The other night I couldn’t sleep, and instead of getting all worked up like I usually do, a phrase kept running through my mind: “Let it be easy.” As I said in my last post, I’ve been doing a lot of reading, so I don’t know if I’d just read this (I can’t find it anywhere now), or heard it in one of the guided meditations I’ve been listening to, or just maybe, my “unconscious” knew what I needed to hear. “Let it be easy” is not something I’m used to doing. I typically make things more complicated than they probably need to be.
But in the spirit of self-compassion, I’m going to try to hold this project gently and lightly, like you’d hold a butterfly in your hand. What does that mean?
First of all, I’m going to ease up on any expectation of outcome.

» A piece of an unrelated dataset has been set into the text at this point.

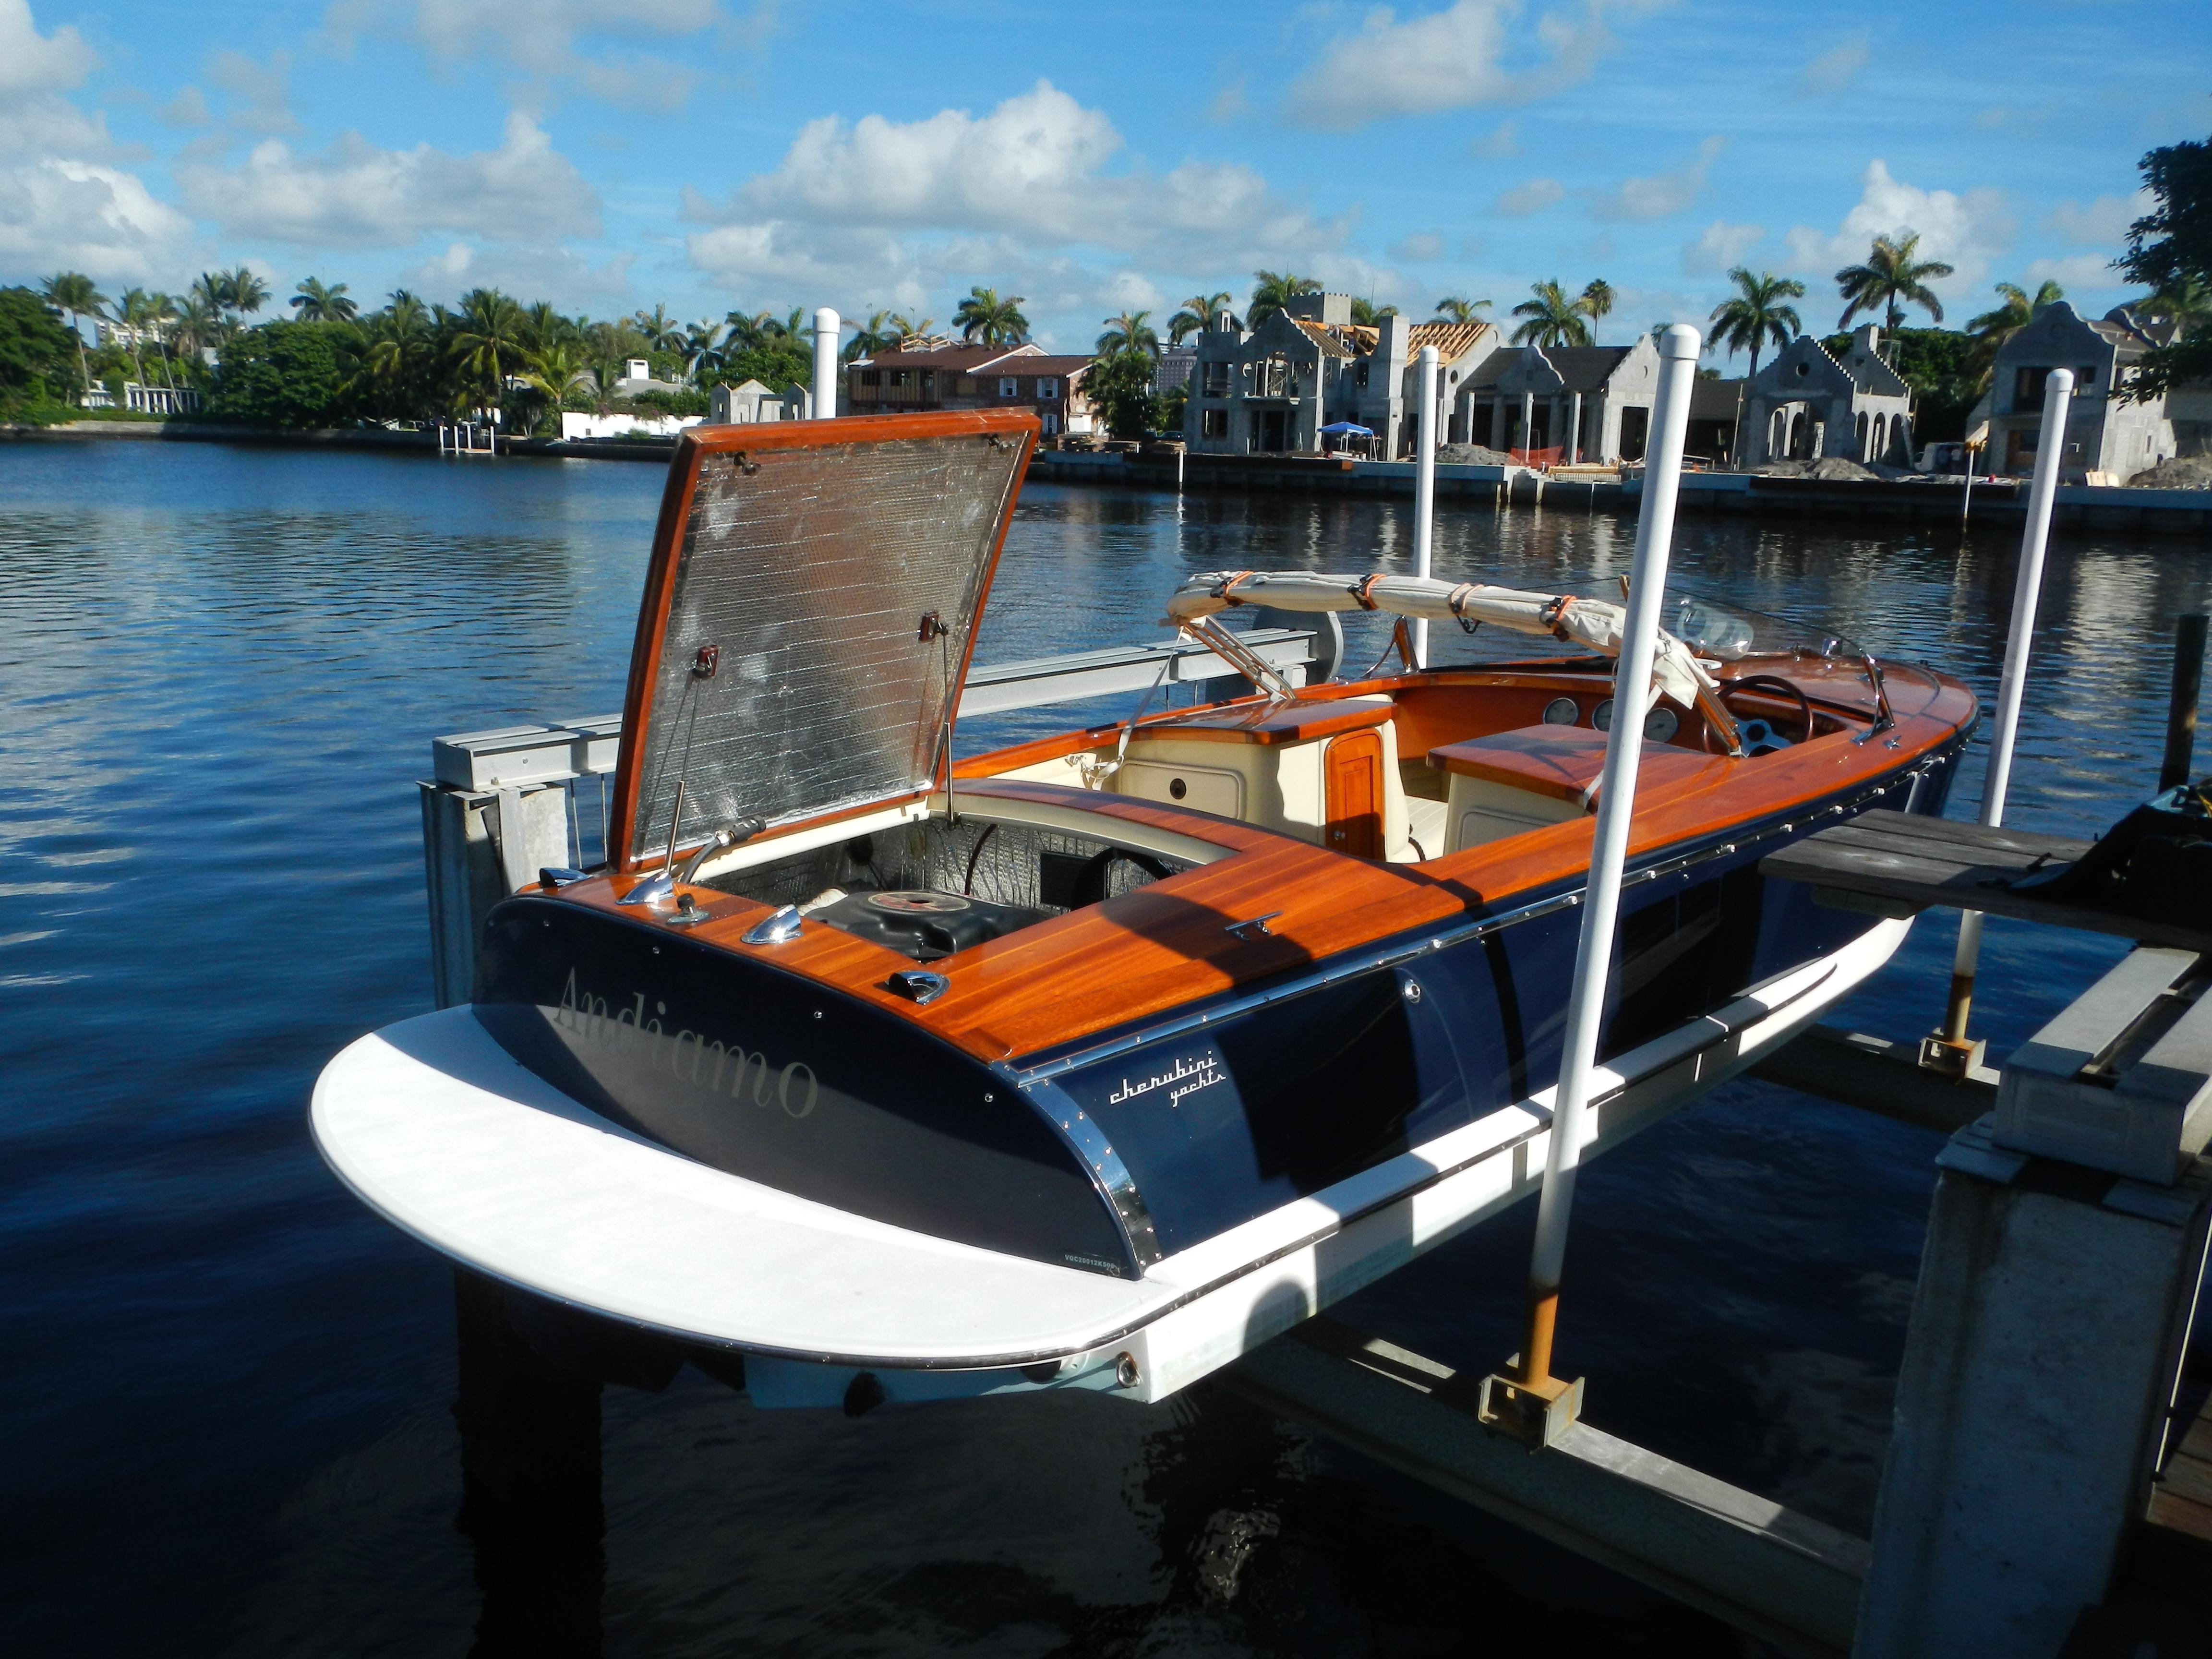 Cherubini classic, Fort Lauderdale

For example, I’m constantly saying things to myself such as, “Will this post be helpful?” or “Will this resonate with people?” Originally, I’d thought that one of my guiding principles of this blog was going to be, “If I help even one person, the blog is not in vain.” Yeah, I’m a helper through and through. And that’s a good thing for a psychologist. But there are pitfalls, too. In The Mindful Path to Self-Compassion, Christopher Germer says that “attachment” is a danger for helpers. I think he means attachment in the sense of wanting things to go a certain way. He gently reminds us helpers that everyone is responsible for their own happiness. So I’m going to go out on a limb here and say that if this blog speaks to someone, great. But if I only help myself through this process of blogging, that’s more than enough. (After all, he also says “Self-compassion is the foundation of compassion for others.”)
Second, although I had the intention of this being a one-year project, similar to The Happiness Project and The Shyness Project (it’s popular to have a project these days), I’ve noticed I’m already feeling pressure about time. “Oh no! It’s almost February and what have I accomplished? I’m still just laying the groundwork.” Deadlines are definitely good in that they help with accountability, cut down on procrastination (sometimes), and can enhance productivity. But in my case, I think the most compassionate thing to do is the realize that this has been my Issue for almost 50 years. There is no reason to think that in one year, poof, I will be completely self-compassionate and this will be something I can cross off my to-do list. To quote Germer again, “The path to happiness and well-being never ends. Just when we’ve arrived, a new challenge presents itself and we begin again.” So I’m going to quit worrying about time and simply see where this flows.
Speaking of time, it’s a week until my 50th birthday. I’m excited about an easier year ahead!